New Competition on the British Education Market


Depuis plus de 900 ans, le prestige académique britannique est incarné, dans toutes les têtes, par le duo Oxbridge. Malgré une renommée mondiale et un statut de quasi-monopole pour les formations élitistes, le prestige d’Oxbridge semble être remis en cause par l’émergence d’une nouvelle concurrence sur le marché tendu de l’éducation au Royaume-Uni. Bath, Canterbury, University College of London seront-ils la nouvelle frayeur de Oxbridge ?

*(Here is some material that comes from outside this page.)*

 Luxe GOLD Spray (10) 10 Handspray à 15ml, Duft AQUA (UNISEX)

Worldwide, the English educative system is well-known for its academic prestige and remains epitomized by the world famous Oxbridge duet. But in the last decades, Oxbridge has had to cope with new competition from young universities offering academic excellence. Indeed by proposing almost equivalent education at cheaper cost, universities such as Bath, Canterbury and University College of London provide access to the second most successful education system in the world. Furthermore, those new rivals benefit from the attractive and dynamic landscape of their surrounding regions. For instance, Bath University was rewarded by the prestigious QAA quality mark last July 2013. It was recognized as the best university in terms of students’ satisfaction, according to the latest National Student Survey.

But competition between universities goes beyond the mere national market. To reach the podium of the most excellent universities, universities need to attract foreign students, especially European students. Thanks to the Erasmus exchange programme, 4,500 French students have studied in British universities last year. The University College of London is requested by the highest number of French students who expect to experience the uniquely attractive student life of England’s capital.

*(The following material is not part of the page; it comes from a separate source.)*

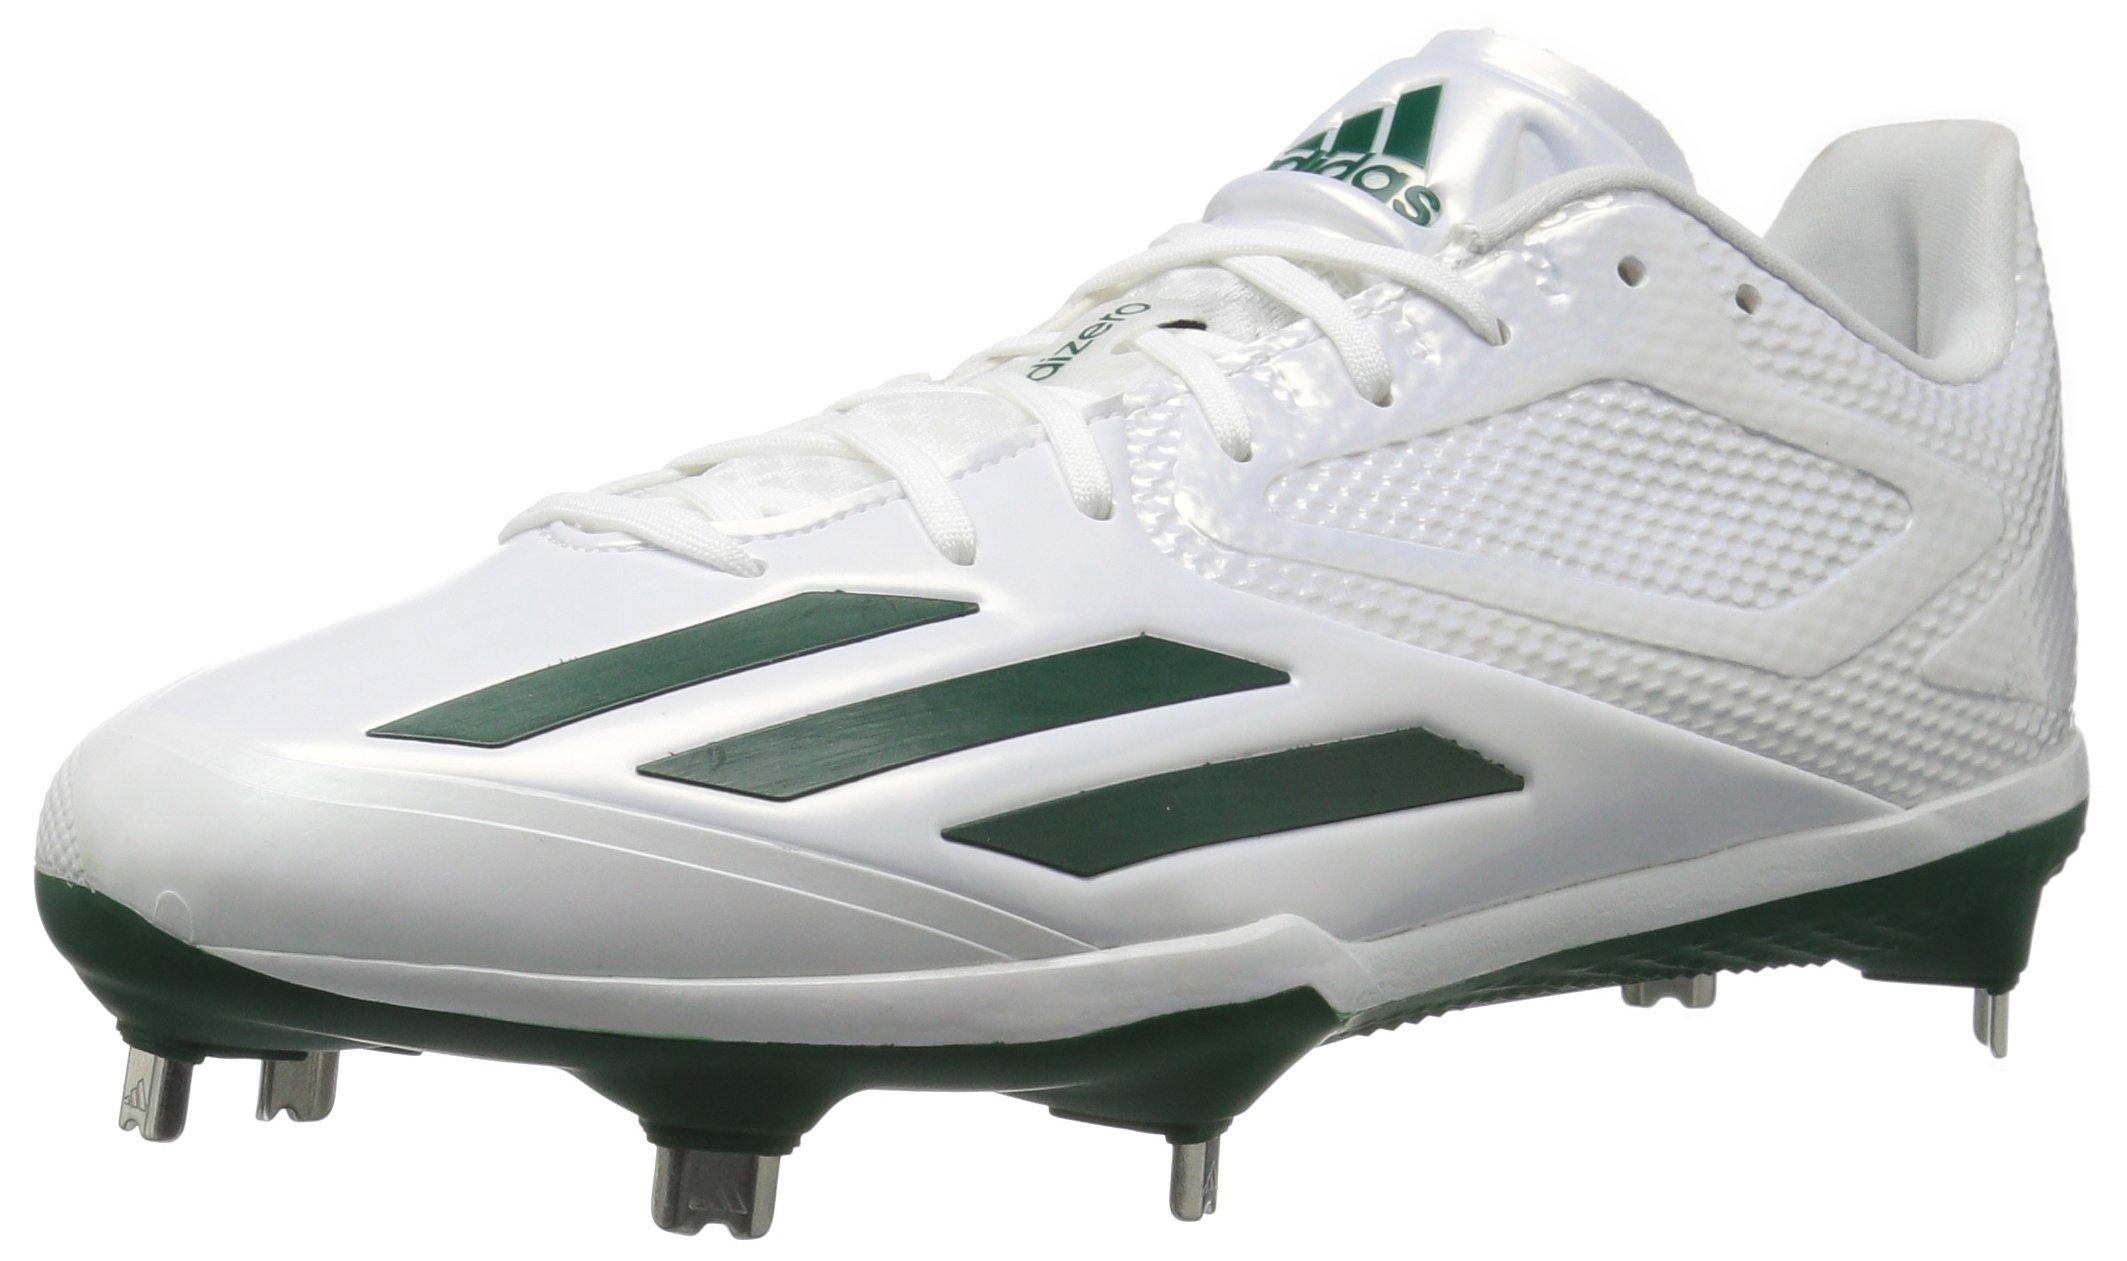 b1054f451 Galleon - Adidas Adizero Afterburner 3 Baseball Shoe

Even though the tuition fees are rather high (about € 7,000 a year on average)  and the available places limited, the other universities are not as selective as Oxbridge. Thus, they will ultimately jeopardize the domination of the prestigious Oxbridge duet.

To end this article, here is an interview with an 18-year-old French student who has just finished her first year at the Canterbury Christ Church University:

1. Why did you want to study in England? Were there similar programmes in France? What made you choose England?

Elinor: I first decided to go abroad, and I chose England because I could speak English. The subject I’m studying (sociology and international relations) does exist in France but what I do here – double half-license – doesn’t exist.

2. Do you think the quality of your education is better than in France?

Elinor: Compared to university in France which is free, paying 10,000 euros per year seems a little expensive. I never went to university in France, so it would be difficult to compare. It seems to me that the levels are roughly equivalent. The main difference is that we are supported by tutors who care for us individually and give us a greater chance to succeed.

3. Have you applied to a prestigious university like Oxbridge? If not, why?

Elinor: No, I have not tried Oxbridge because I think it’s scary and because the admission requirements were difficult to achieve for someone just out of high school!